Partially (25-35%) N-acetylated chitosan was digested by chitosanase from Bacillus pumilus BN-262, and structures of the products, partially N-acetylated chitooligosaccharides, were analyzed in order to investigate the specificity of the chitosanase. The chitosanase produced glucosamine (GlcN) oligosaccharides abundantly, indicating that the chitosanase splits the beta-1,4-glycosidic linkage of GlcN-GlcN. The chitosanase also produced hetero-oligosaccharides consisting of glucosamine and N-acetyl-D-glucosamine (GlcNAc). Three types of the hetero-oligosaccharides purified by cation-exchange chromatography and HPLC were found to have GlcNAc residue at their reducing end and GlcN residue at their non-reducing end, indicating that the chitosanase can also split the linkage of GlcNAc-GlcN. The determination of the mode of action toward partially N-acetylated chitosan enables a classification of chitosanases according to their specificities and a more precise definition of chitosanases.

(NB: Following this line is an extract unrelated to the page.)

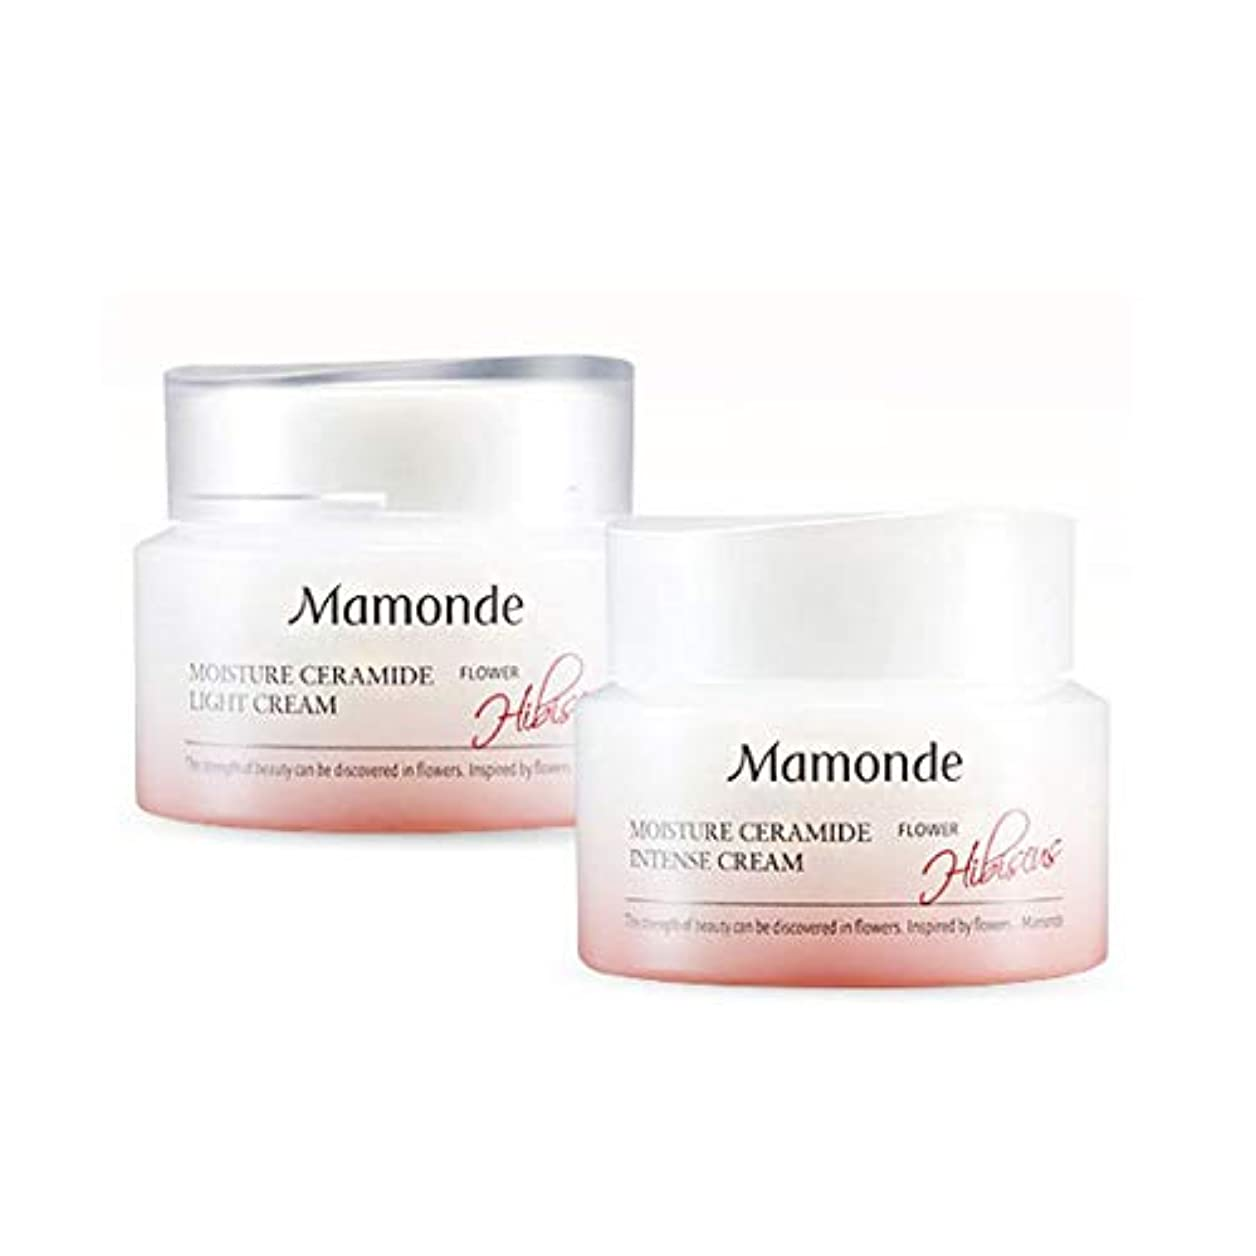 原子プレビュー日マモンドモイスチャーセラミドインテンスクリーム50mlx2本セット韓国コスメ、Mamonde Moisture Ceramide Intense Cream 50ml x 2ea Set Korean Cosmetics...

用短小芽孢杆菌BN-262产生的壳聚糖酶消化部分(25%-35%)N-乙酰化壳聚糖,并对产物部分N-乙酰化壳寡糖的结构进行分析,以研究该壳聚糖酶的特异性。该壳聚糖酶大量产生氨基葡萄糖(GlcN)寡糖,表明该壳聚糖酶能切断GlcN-GlcN的β-1,4-糖苷键。该壳聚糖酶还产生由氨基葡萄糖和N-乙酰-D-葡萄糖胺(GlcNAc)组成的杂合寡糖。通过阳离子交换色谱和高效液相色谱纯化的三种杂合寡糖在其还原端有GlcNAc残基,在其非还原端有GlcN残基,这表明该壳聚糖酶也能切断GlcNAc-GlcN的连接。确定壳聚糖酶对部分N-乙酰化壳聚糖的作用方式,能够根据壳聚糖酶的特异性对其进行分类,并对壳聚糖酶进行更精确的定义。